## AVAILABLE DATA

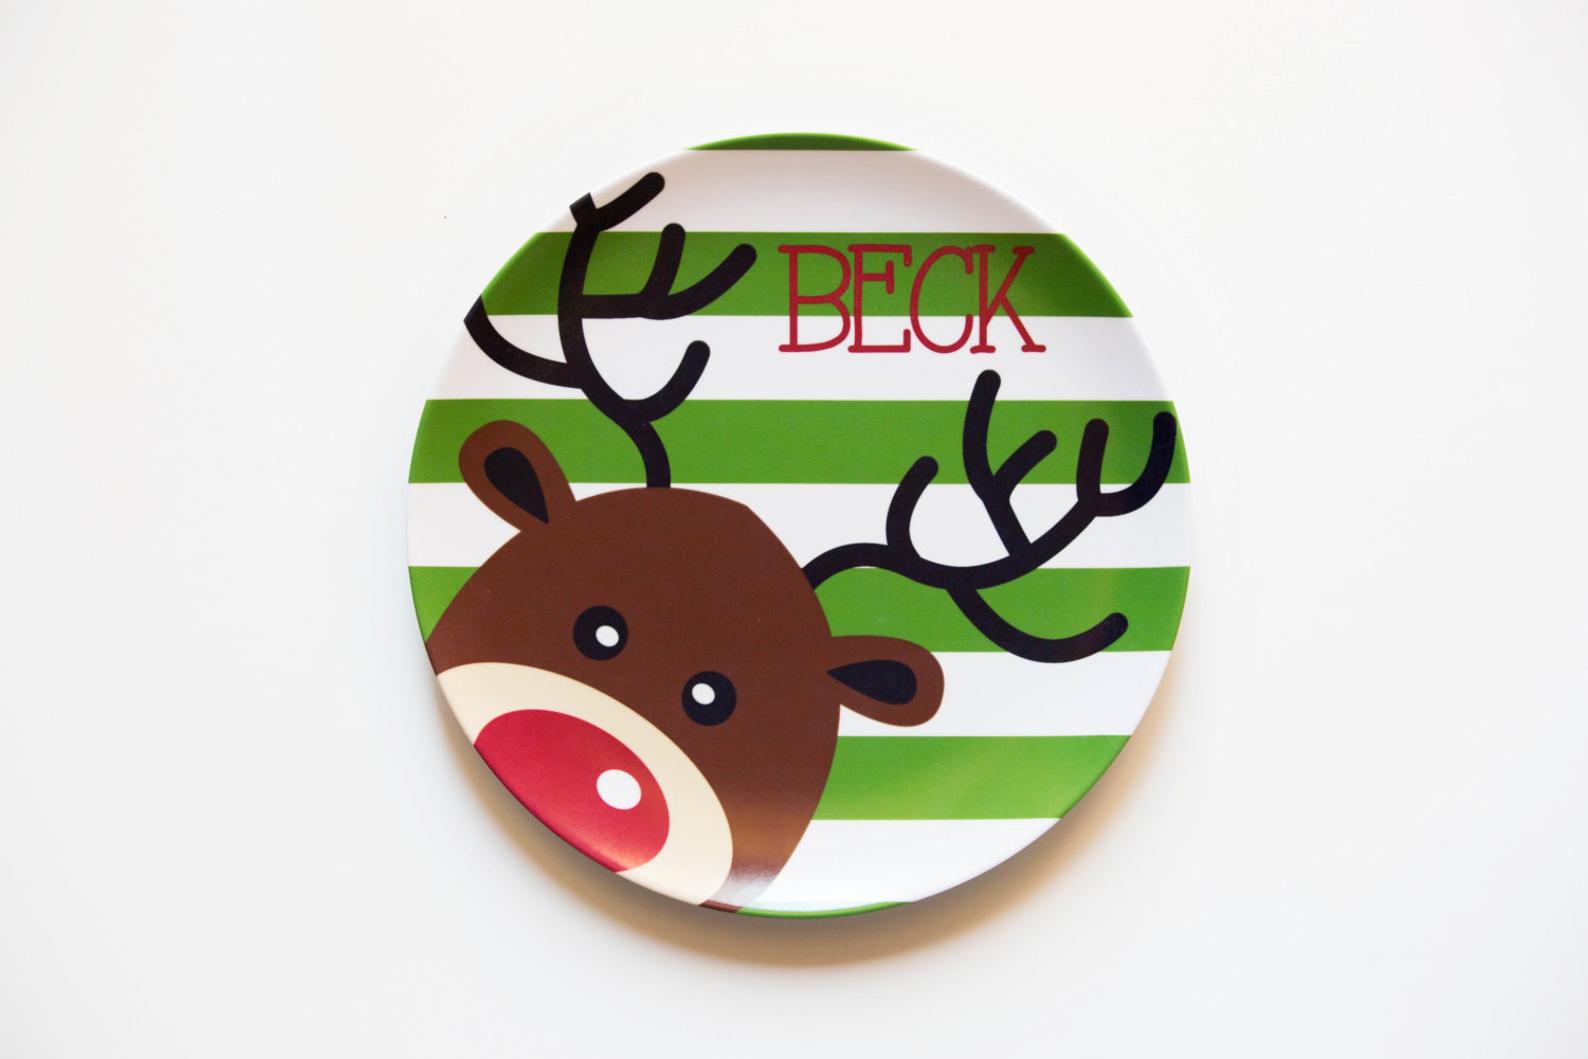 10 best baby and toddler holiday gifts from small businesses: Personalized holiday plate | Small Business Holiday Gift Guide 2020
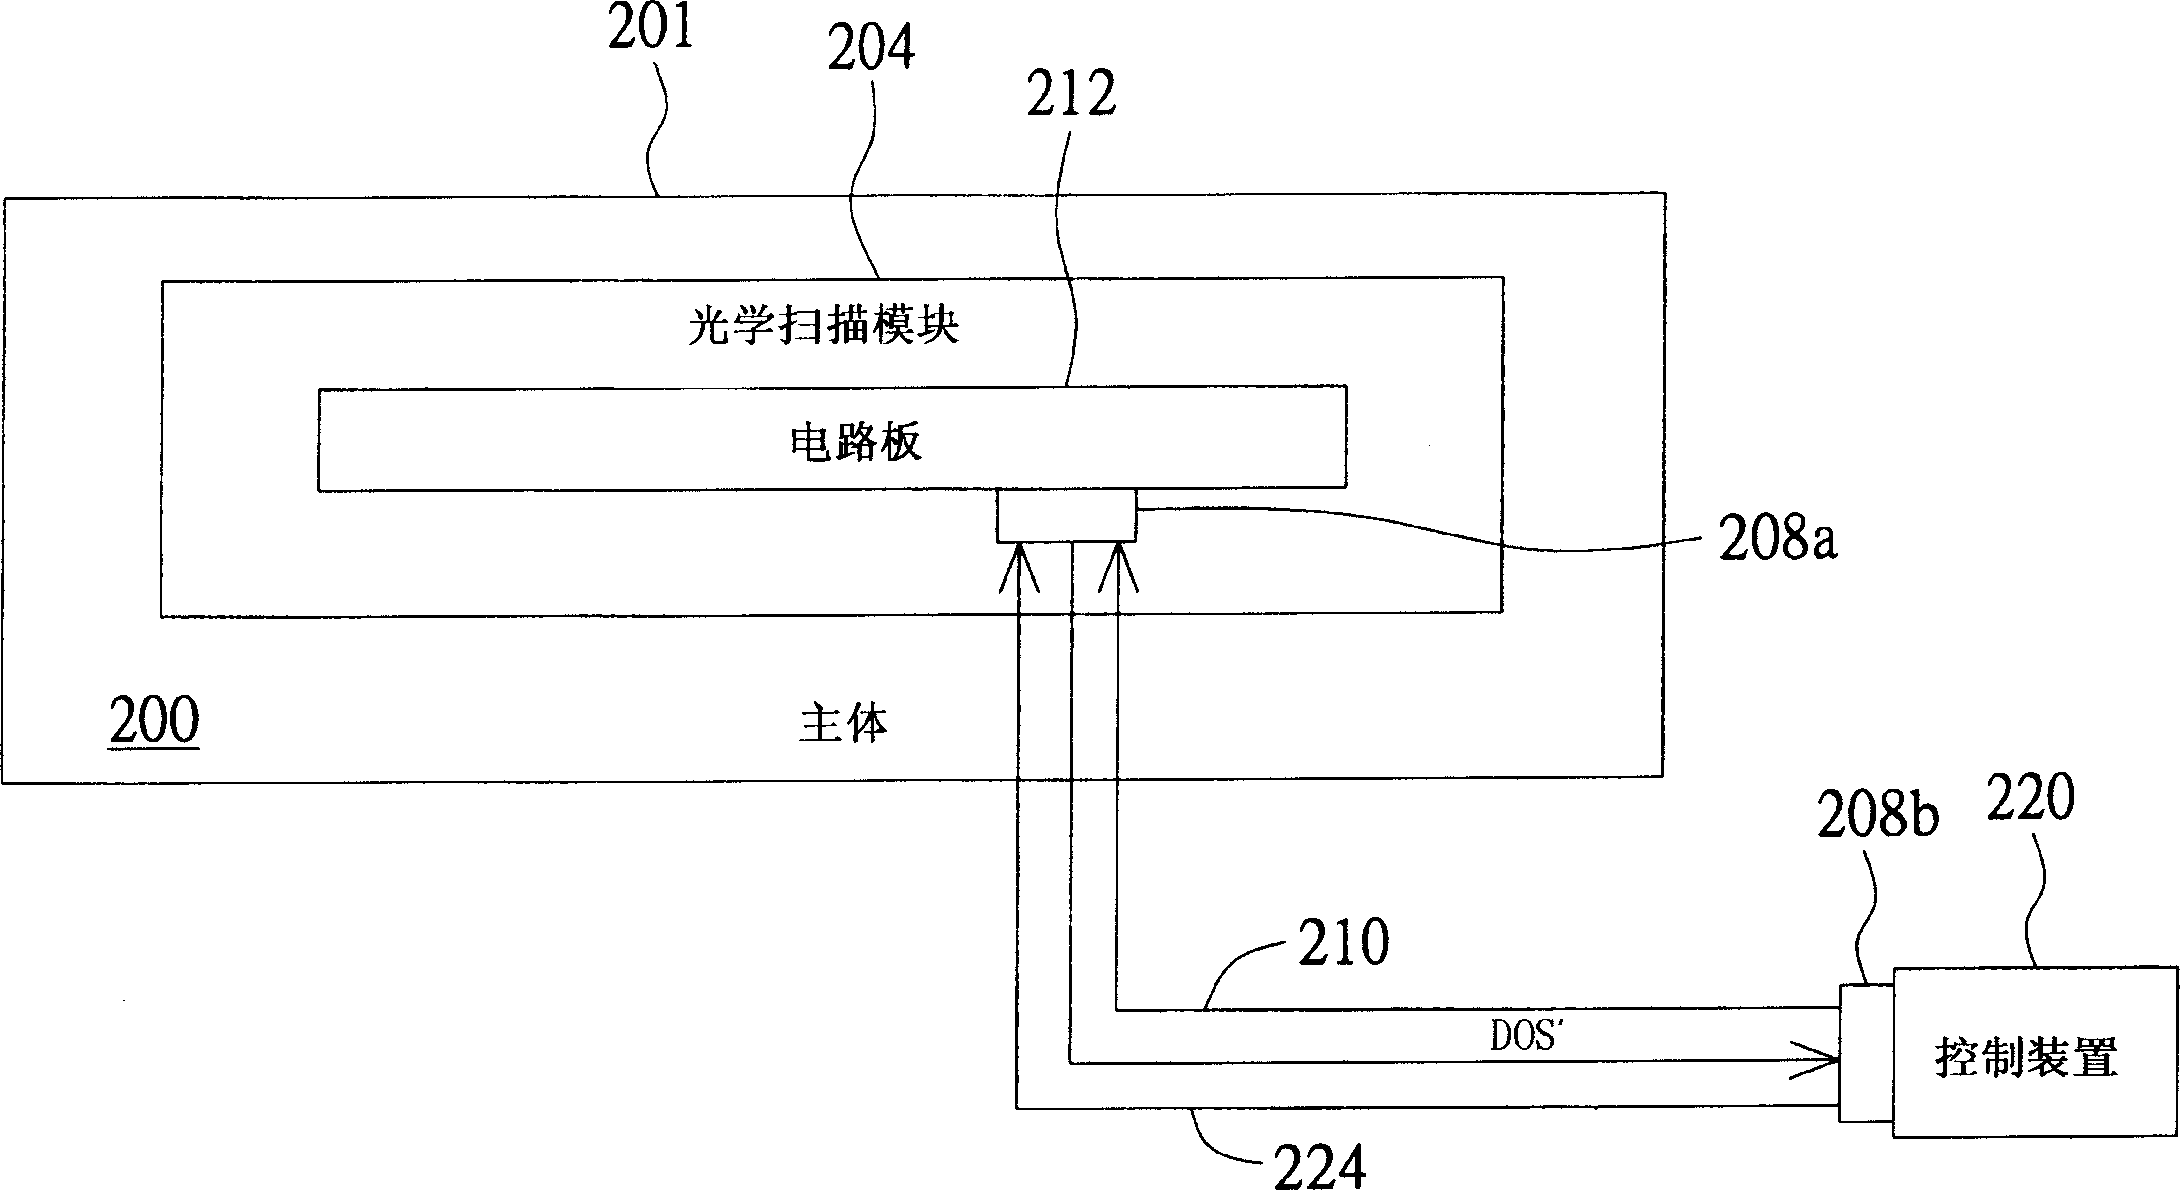 Optic scan module structure of scanning device
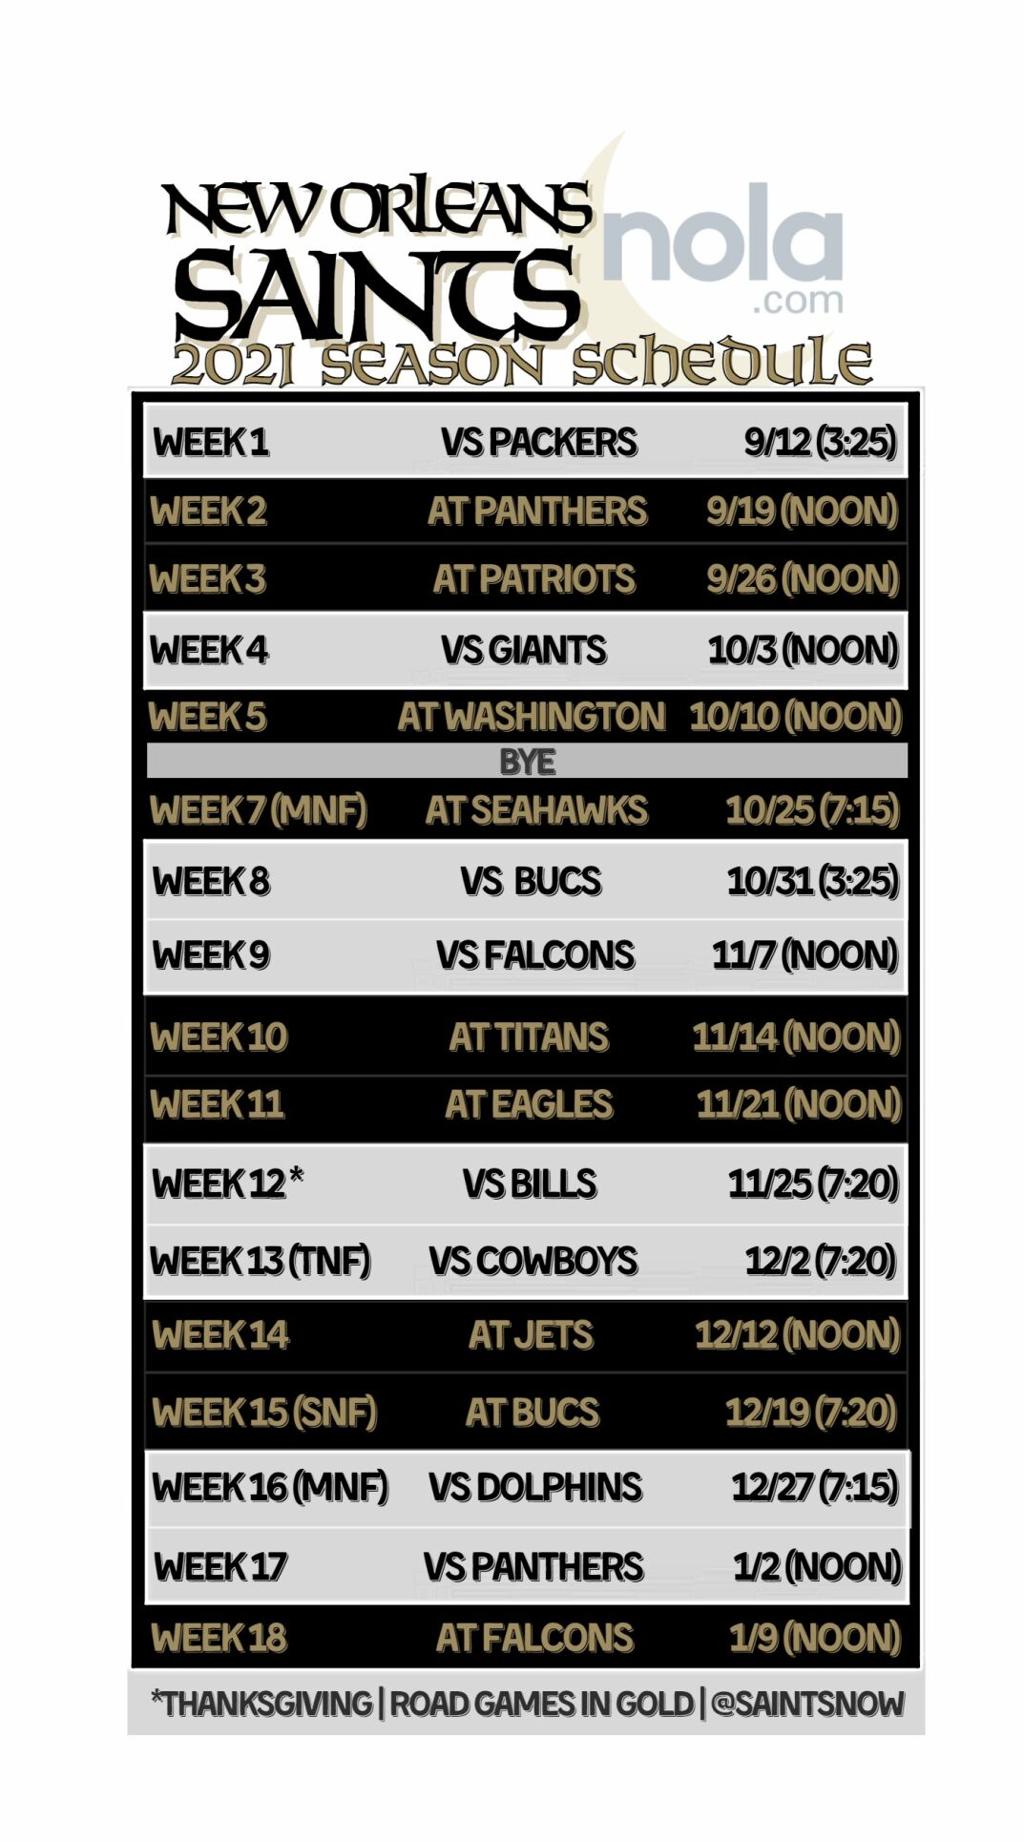 Want Saints 2021 Schedule As Your Phone Wallpaper Click Here For Image How To Info Saints Nola Com

## EXERCISE DIRECTIONS
The expected answer is the data retyped exactly, without pictures.

## ANSWER SECTION
 10 best baby and toddler holiday gifts from small businesses: Personalized holiday plate | Small Business Holiday Gift Guide 2020
 Optic scan module structure of scanning device
 Want Saints 2021 Schedule As Your Phone Wallpaper Click Here For Image How To Info Saints Nola Com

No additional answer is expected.